The first bridge located in the place of modern-day Kuradisild was built in 1809. The Neogothic wooden bridge was based on designs by the University of Tartu architect Johann Wilhelm Krause. This bridge was later replaced by a single span wooden bridge designed by Johann Gottlieb Köningsmann and built in 1842–1844. The current single span concrete bridge was built to commemorate the 300th anniversary of the ruling Romanov dynasty after designs made by Tartu city architect Arved Eichhorn. The uphill (Toomemägi) side of the bridge is decorated with the numbers 1613 and 1913, commemorating the jubilee; the downhill side of the bridge bears a bronze relief of Emperor Alexander I of Russia (made by Constanze von Wetter-Rosenthal) and the emperor's name Alexandro Primo (in Latin).
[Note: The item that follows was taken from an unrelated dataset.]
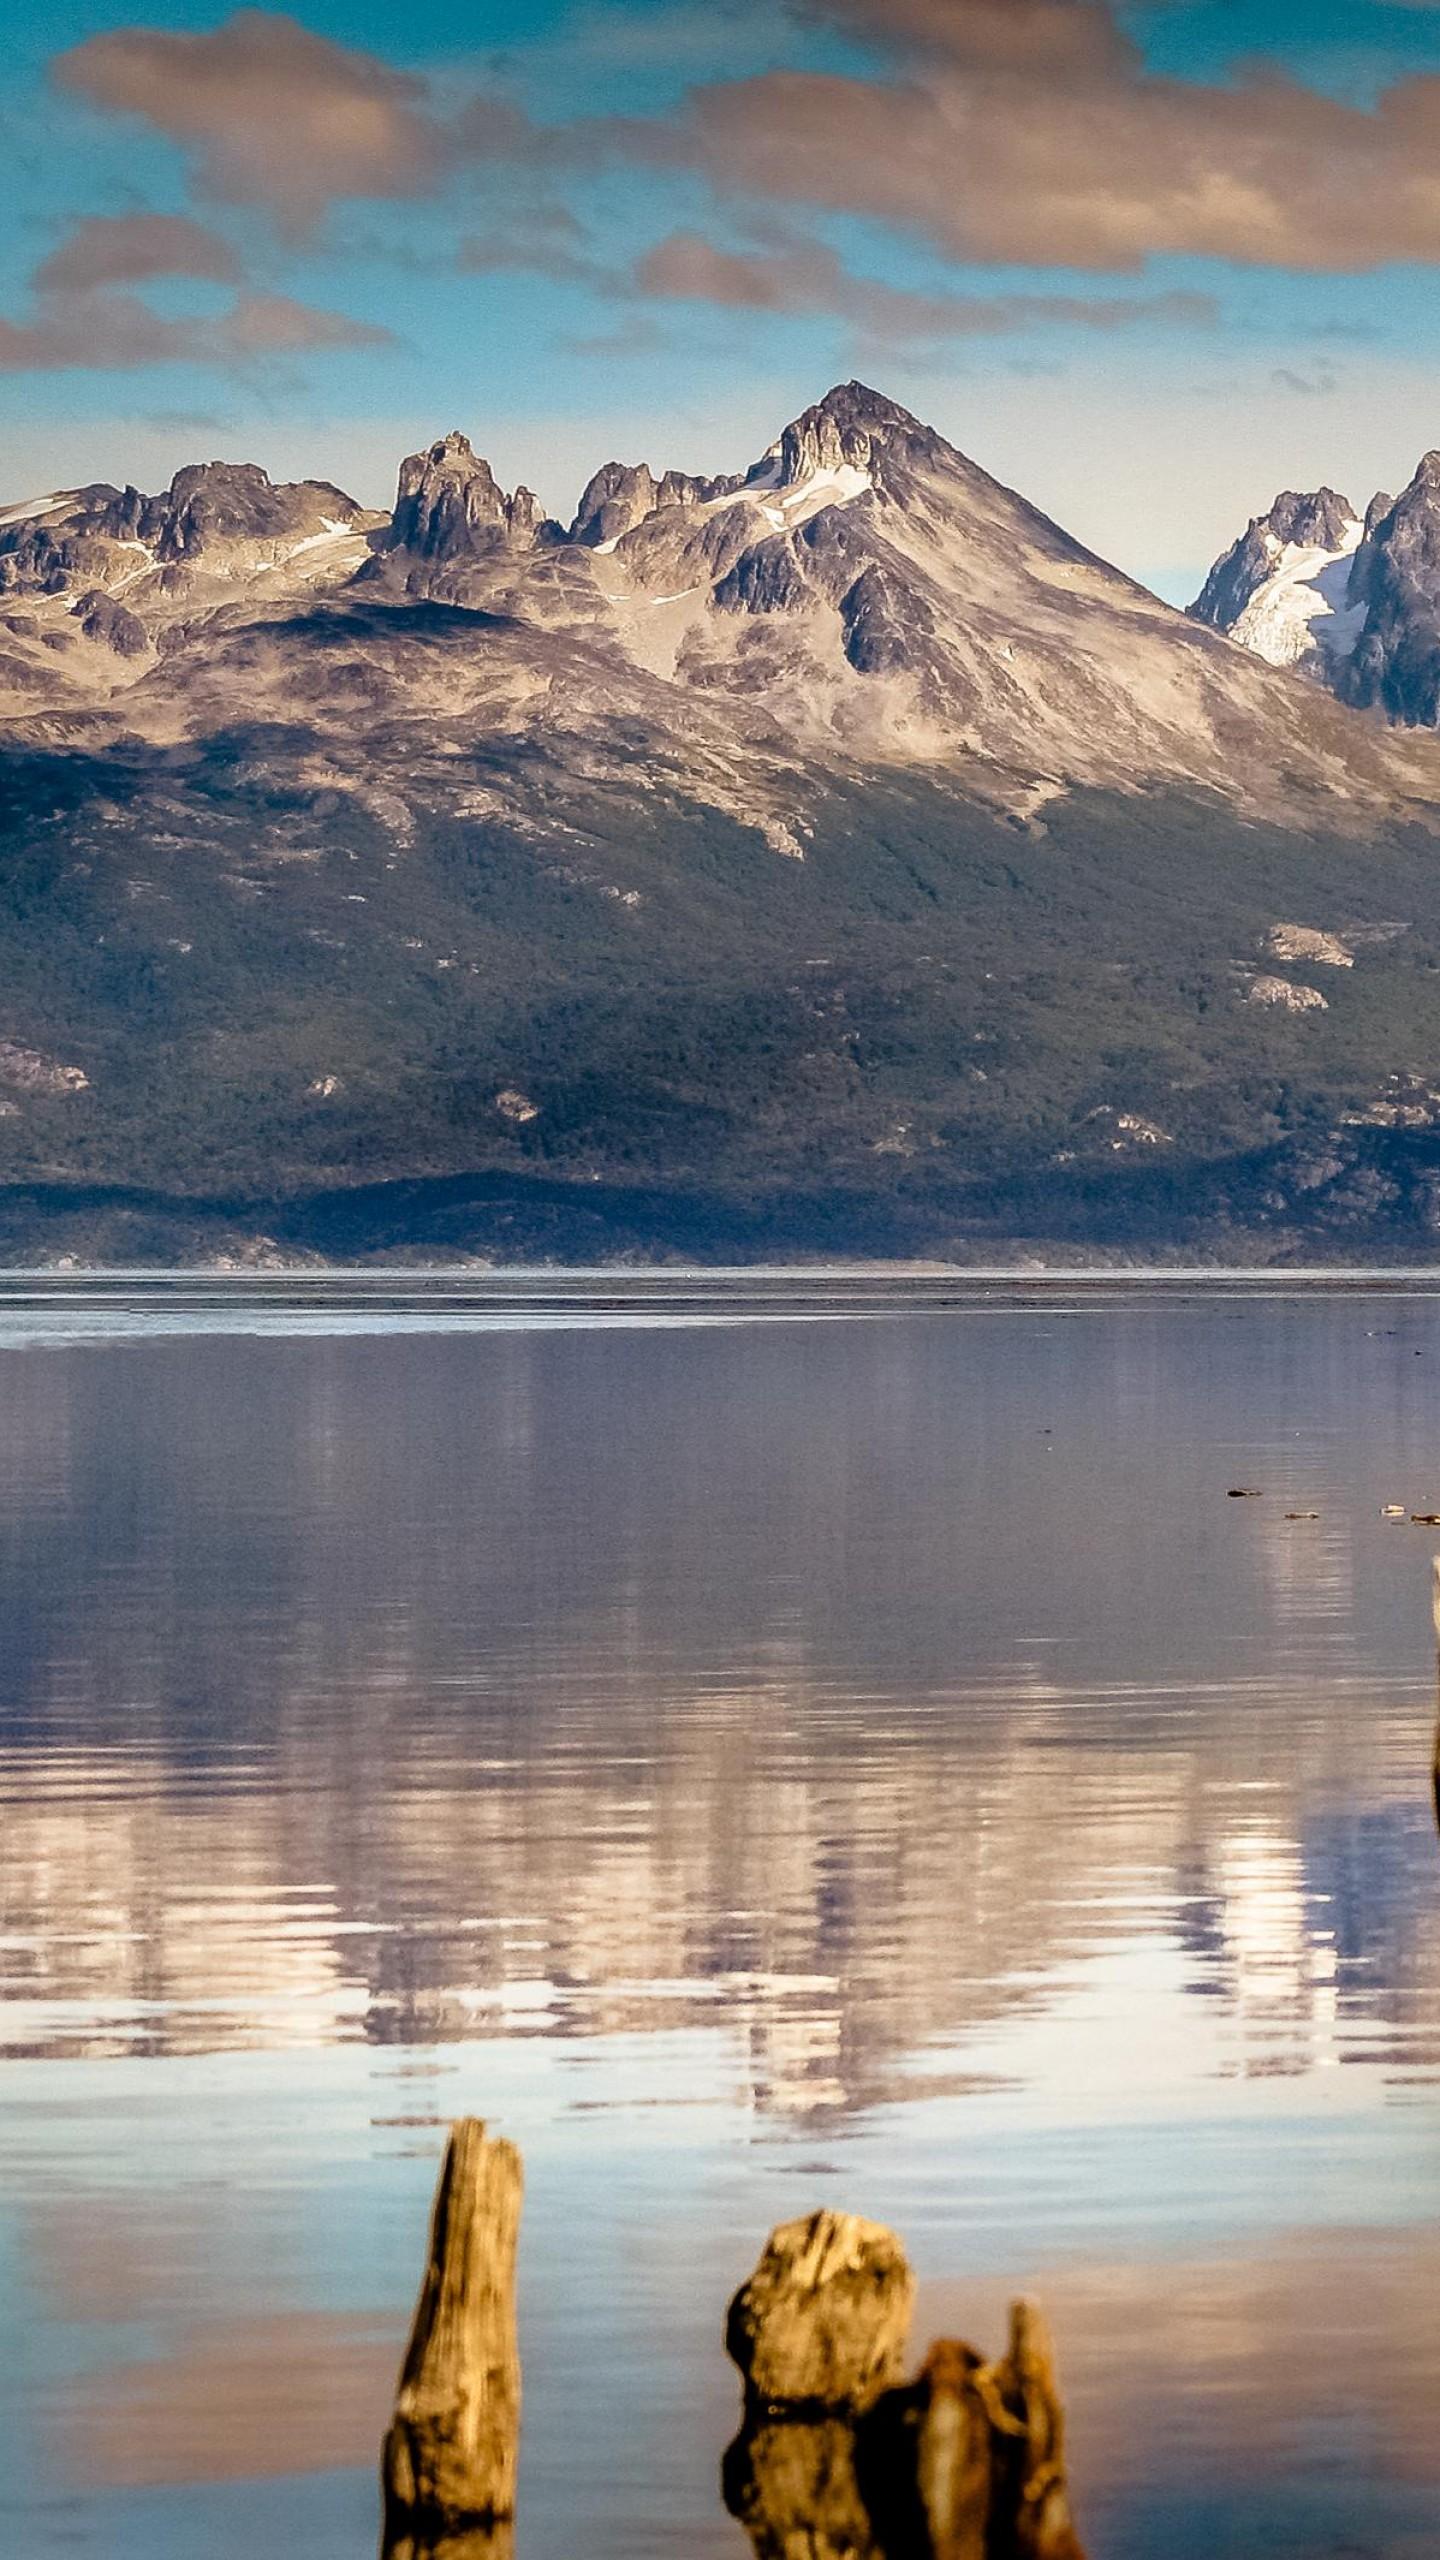 Wallpaper Mountain 4k Hd Wallpaper Lake Sea Ushuaia

The bridge is a protected heritage site.

== Origin of the name ==
The origin of the name of the Devil's Bridge is unclear. The name may have derived from the dark color of the bridge which stands in sharp contrast with the nearby, much lighter, Angel's Bridge. It has also been suggested that the name may have originated from the name of the supervisor of the construction of the bridge, professor of medicine and surgeon Werner Zoege von Manteuffel (Teufel – German for "Devil"), or, alternatively, from its similarity to the Teufelsbrücke bridge on the Reuss river in Switzerland.